Дом Григорьевых с постоянно запертыми воротами и калиткою на задвижке находился за Москвой рекой, на Малой Полянке, в нескольких десятках саженей от церкви Спаса в Наливках. Приняв меня как нельзя более радушно, отец и мать Григорьева просили бывать у них по воскресеньям. А так как я в это время ездил к ним на парном извозчике, то уже в следующее воскресенье старики буквально доверили мне свозить их Полонушку в цирк. До той поры они его ни с кем и ни под каким предлогом не отпускали из дому. Оказалось, что Аполлон Григорьев, невзирая на примерное рвение к наукам, успел, подобно мне, заразиться страстью к стихотворству, и мы в каждое свидание передавали друг другу вновь написанное стихотворение.
Свои я записывал в отдельную желтую тетрадку, и их набралось уже до трех десятков. Вероятно, заметив наше взаимное влечение, Григорьевы стали поговаривать, как бы было хорошо, если бы, отойдя к Новому году от Погодина, я упросил отца поместить меня в их дом вместе с Аполлоном, причем они согласились бы на самое умеренное вознаграждение.
У Григорьевых взаимное впечатление отцов наших оказалось самым благоприятным. Старик Григорьев сумел придать себе степенный и значительный тон, упоминая имена своих значительных товарищей по дворянскому пансиону. Что же касается до моего отца, то напускать на себя серьезность и сдержанность ему никакой надобности не предстояло.
Мать Григорьева, Татьяна Андреевна, скелетоподобная старушка, поневоле показалась отцу солидною и сдержанной, так как при незнакомых она воздерживалась от всякого рода суждений. Мой товарищ Аполлон не мог в то время кому бы то ни было не понравиться. Это был образец скромности и сдержанности. Конечно, родители не преминули блеснуть его действительно прекрасной игрой на рояли.

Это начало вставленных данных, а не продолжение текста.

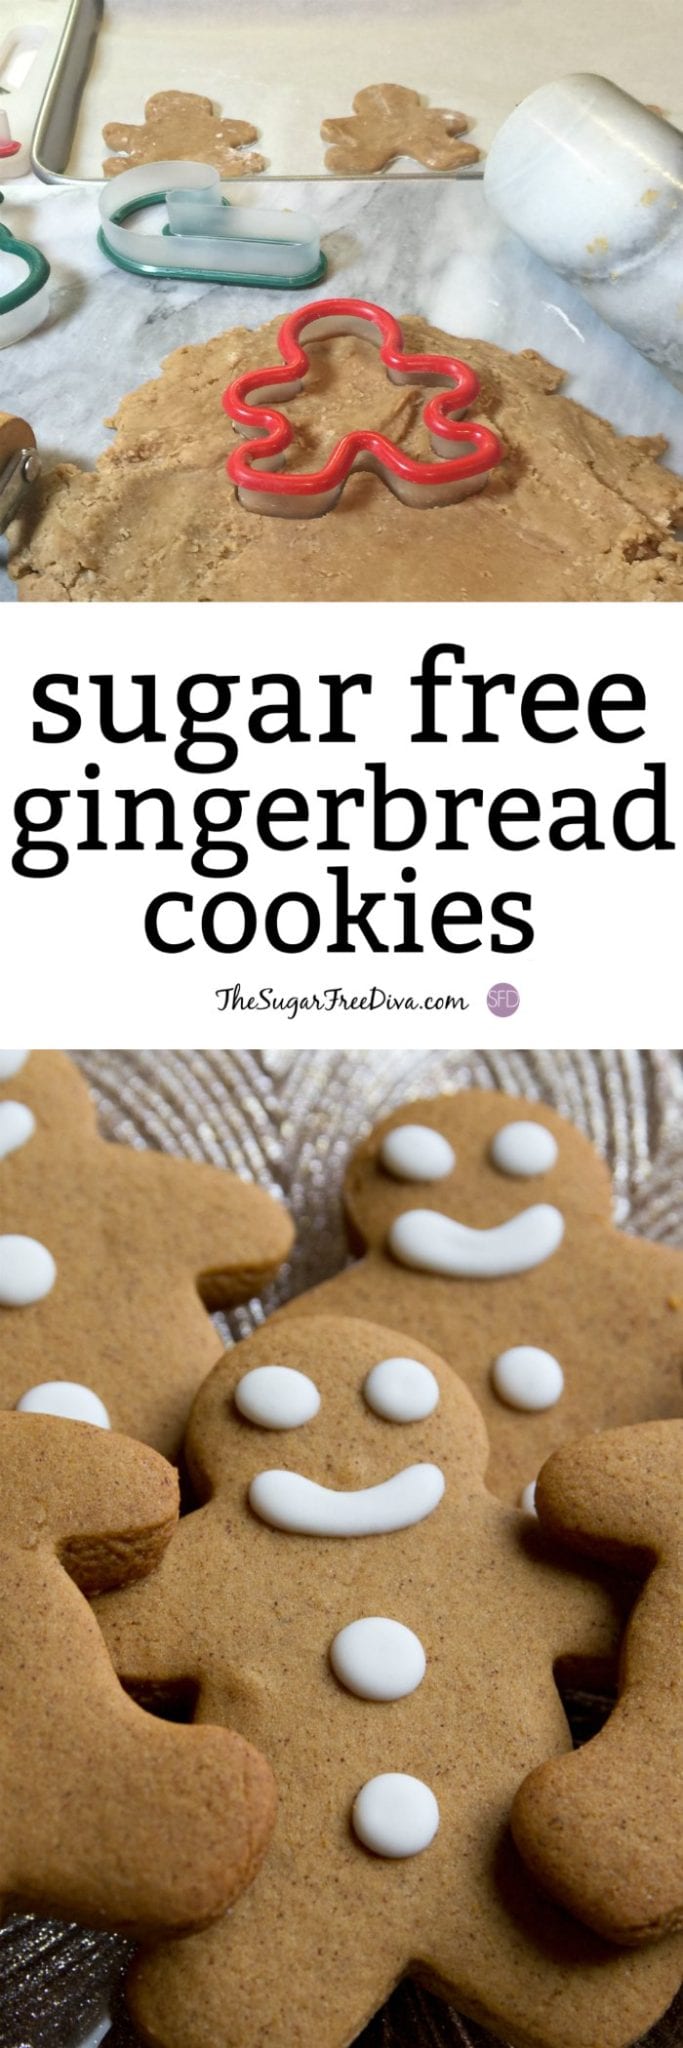 sugar free gingerbread cookies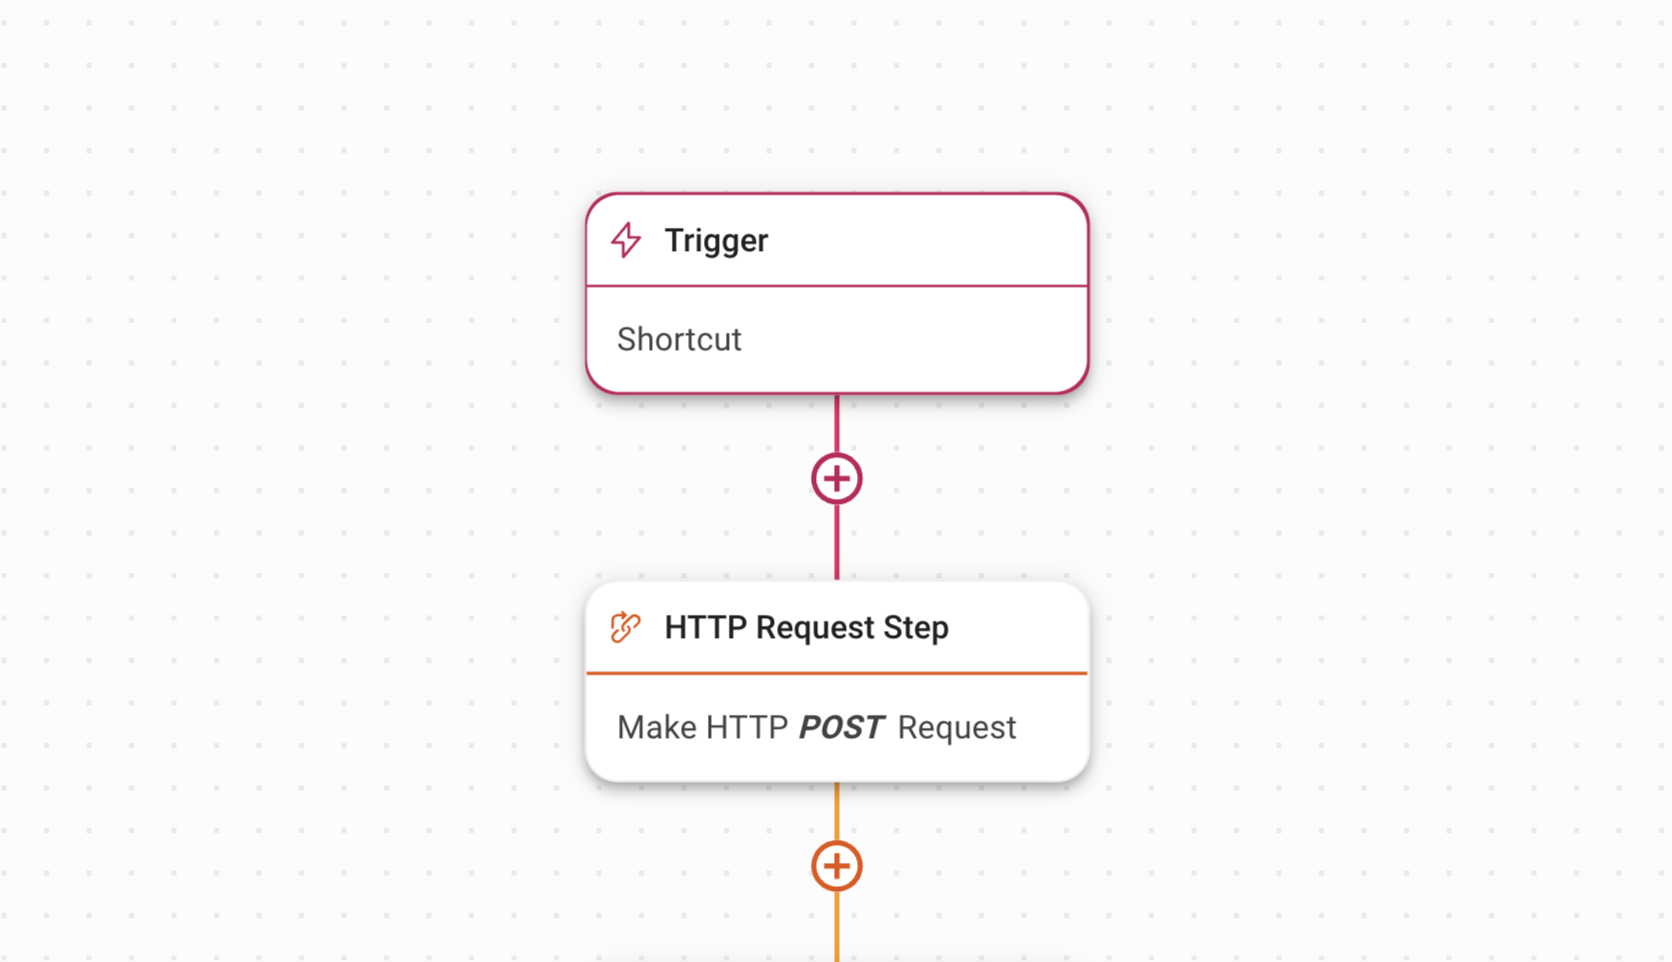 captura de pantalla de un flujo de trabajo para hacer una solicitud de publicación HTTP

Пока мы с Аполлоном ходили осматривать антресоли, где нам предстояло поместиться, родители переговорили об условиях моего помещения на полном со стороны Григорьевых содержании. Ввиду зимних и продолжительных летних вакаций, годовая плата была установлена в 300 рублей.
На другой день утром Илья Афанасьевич перевез немногочисленное мое имущество из погодинского флигеля к Григорьевым, а я, проводивши отца до зимней повозки, отправился к Григорьевым на новоселье.
Дом Григорьева, с парадным крыльцом со двора, состоял из каменного подвального этажа, занимаемого кухней, служившею в то время и помещением для людей, и опиравшегося на нем деревянного этажа, представлявшего, как большинство русских домов, венок комнат, расположенных вокруг печей. С одной стороны дома, обращенной окнами к подъезду, была передняя, зала, угольная гостиная с окнами на улицу и далее по другую сторону дома столовая, затем коридор, идущий обратно по направлению к главному входу. По этому коридору были хозяйская спальня и девичья. Если к этому прибавить еще комнату налево из передней, выходящую окнами в небольшой сад, то перечислены будут все помещения, за исключением антресолей. Антресоли, куда вела узкая лестница с двумя заворотами, представляли два совершенно симметрических отделения, разделенные перегородкой. В каждом отделении было еще по поперечной перегородке, в качестве небольших спален. Впоследствии я узнал, что в правом отделении, занятом мною, долго проживал дядька француз, тогда как молодой Аполлон Александрович жил в отделении налево, которое занимал и в настоящее время. Француз кончил свою карьеру у Григорьевых, по рассказам Александра Ивановича, тем, что за год до поступления Аполлона в университет напился на Святой до того, что, не различая лестницы, слетел вниз по всем ступенькам. Рассказывая об этом, Александр Иванович прибавлял: «Снисшел еси в преисподняя земли».